I just paid a homeless man $20 for the dragon ball Z shirt he was wearing. I need to stop drinking
He is making me drink his THC water out of a milk jug.
The fool I made of myself at the Ugly Christmas Sweater party last night was surpassed this morning when I walk of shamed 6 miles at 7am with one mysterious wet leg and no pants on. I think my mom saw me and waved.
I'm walking home wearing Kermit the frog footie pajamas, carrying a monogrammed shot glass set with my name on it. It's fucking Christmas!
Oh shut up man. Once the police get involved its every man for themself.
I am eating deep fried cinnamon rolls and I found a lighter in my sprinkles. I miss you.

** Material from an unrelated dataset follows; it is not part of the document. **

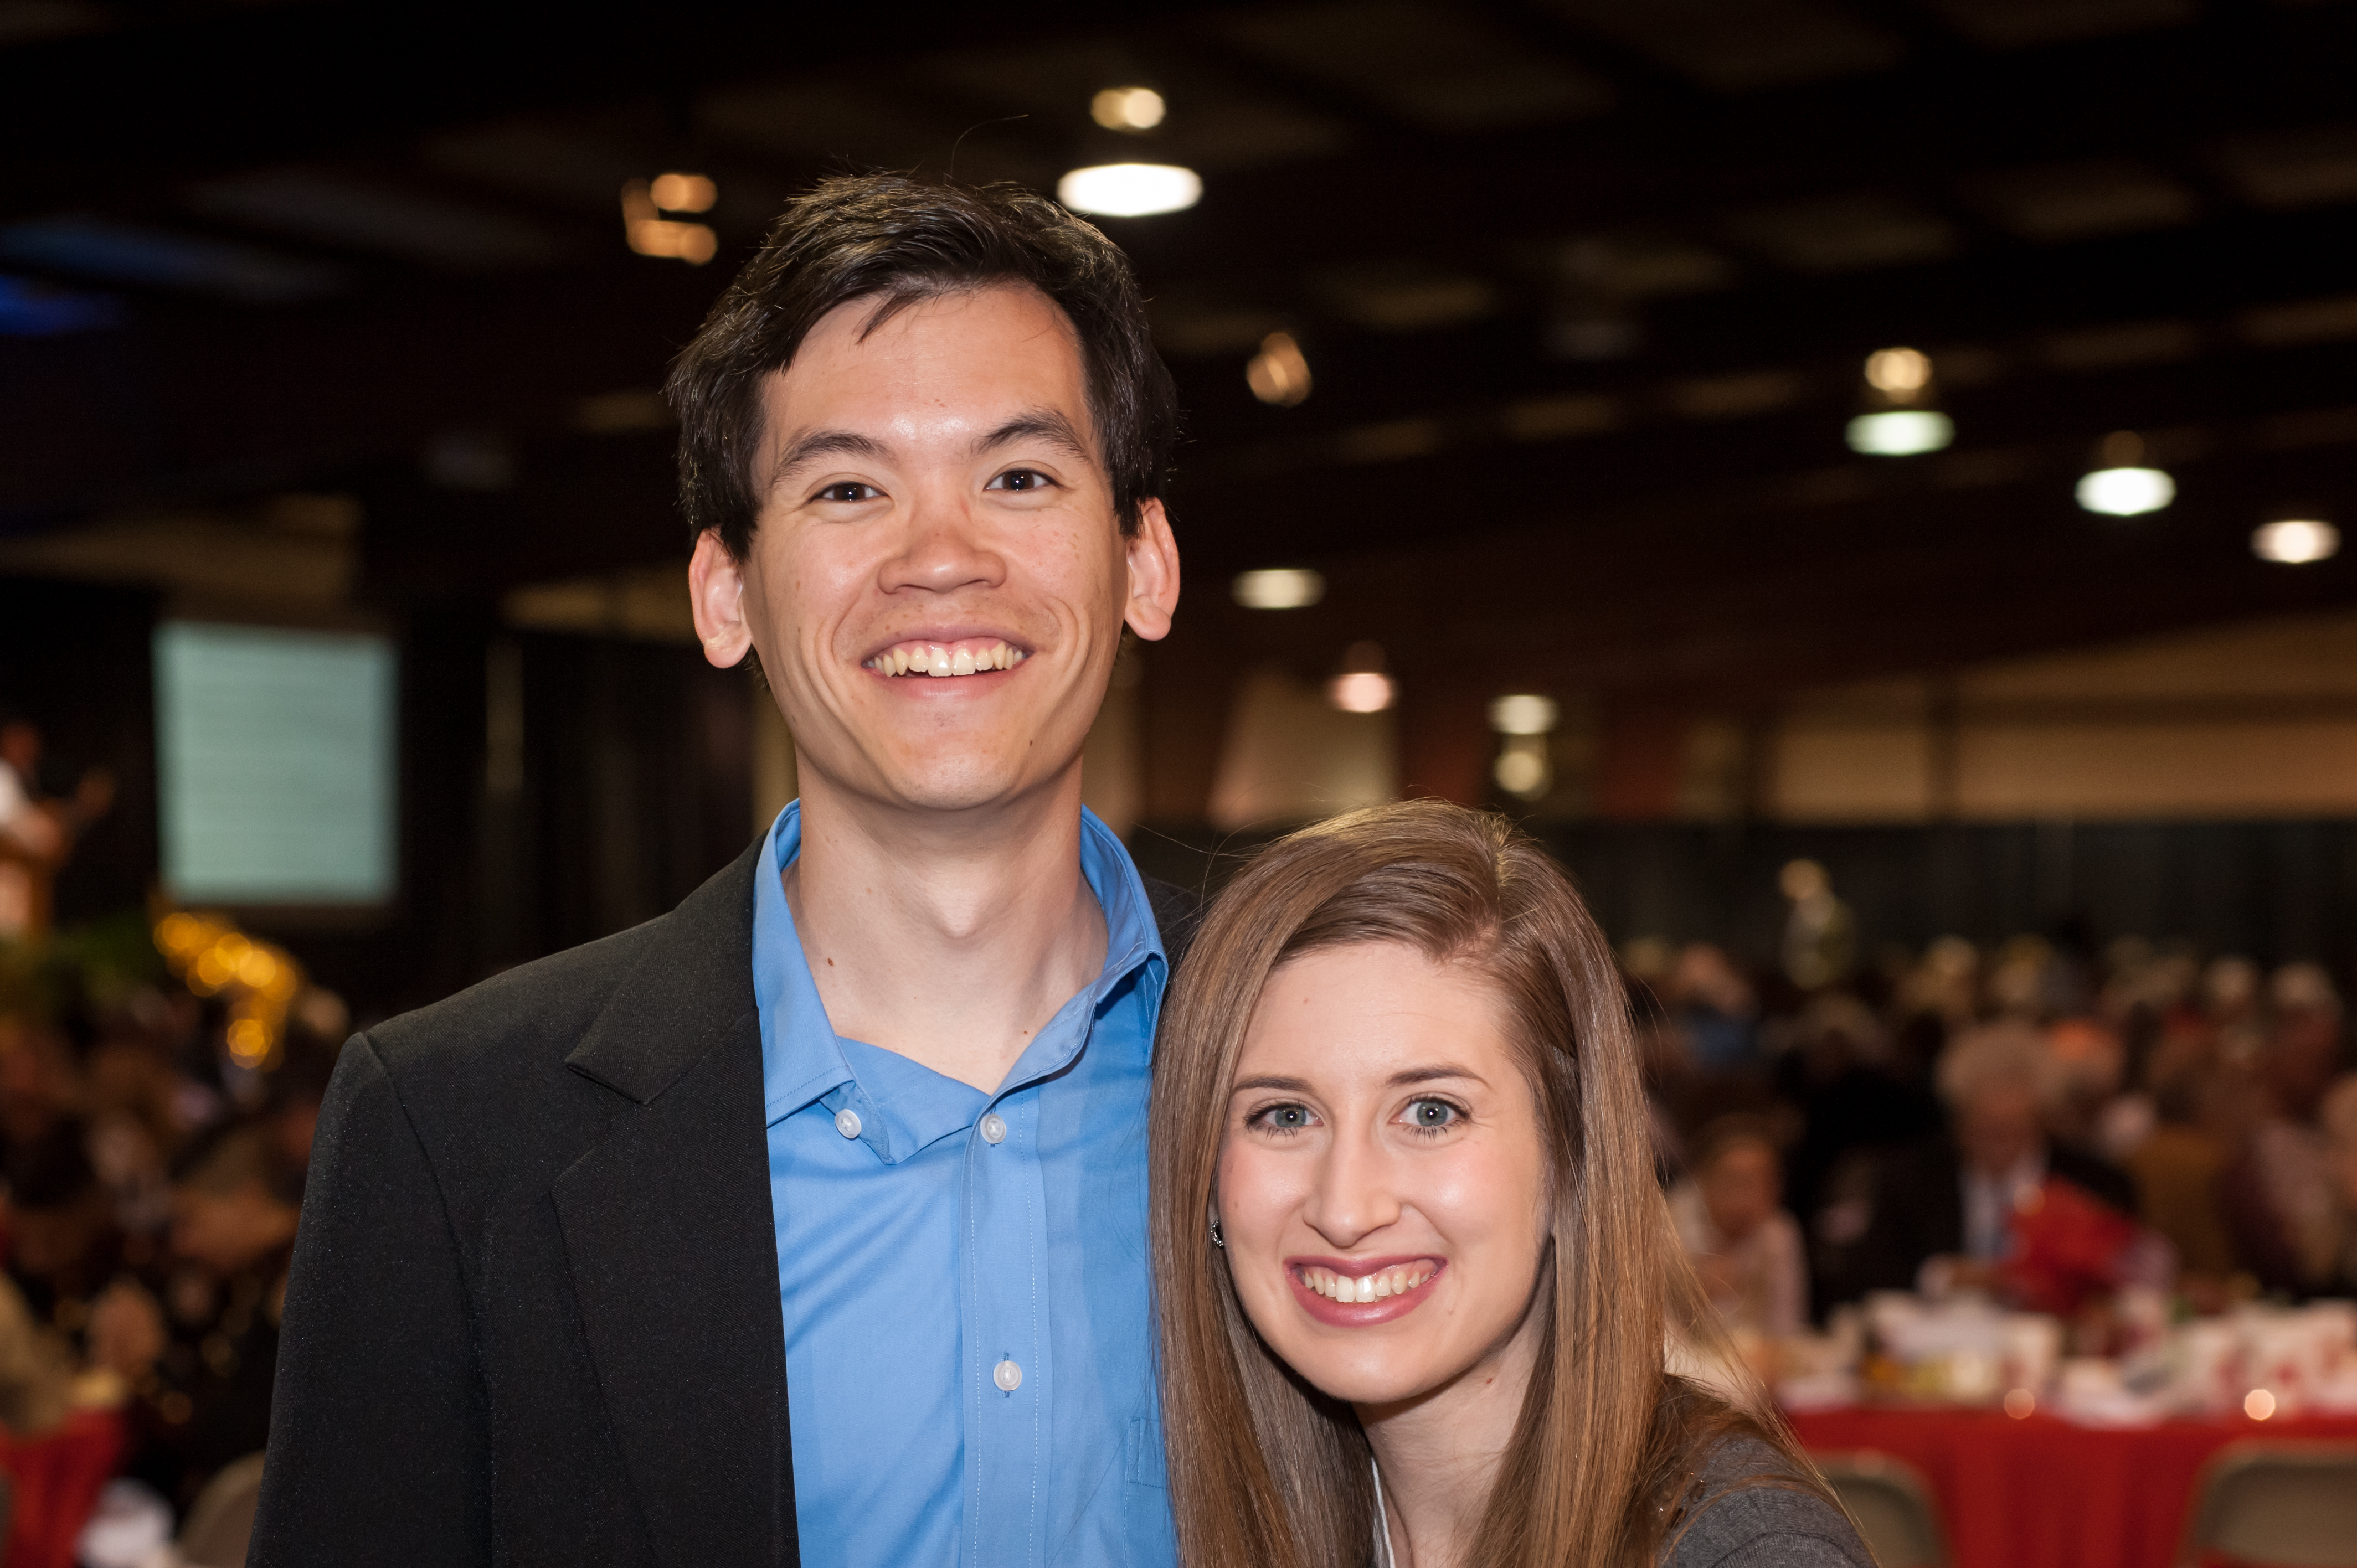 Shaie Williams for AGN Media. Paul and Sarah Hastings at the Texas Panhandle Lincoln-Reagan Day Dinner hosted by the local Republican party groups held at The Rex Baxter Building in Amarillo, TX on January 29, 2016

It's a "nonproductive" (vocab word) cough. It's like a constant tickle in my throat, like there's a little elf with feathers for feet going Gangnam style on my "uvula" (vocab word).
I just want my birth control to stop making me feel like I'm watching baby seals get clubbed to death any time anything even remotely unpleasant happens lol
Nothing says summer like lemonaid, but nothing says fuck yeah summer like lemonaid and vodkavodka
I just had a sex dream about orange juice, so there's that.
i got home safe but then alex started a fire so now we're at the hospital
I definitely fucked a Trump supporter last night but I wouldn't let him fully admit it because then I would've had to leave and his cock and abs were too perfect
This is the best thing we've done since that time we started a religion
I'm going to need to invest in some knee pads if I keep having nights like tonight
Straight boys are literally imbeciles. If Darwinism doesn’t get them female rage will.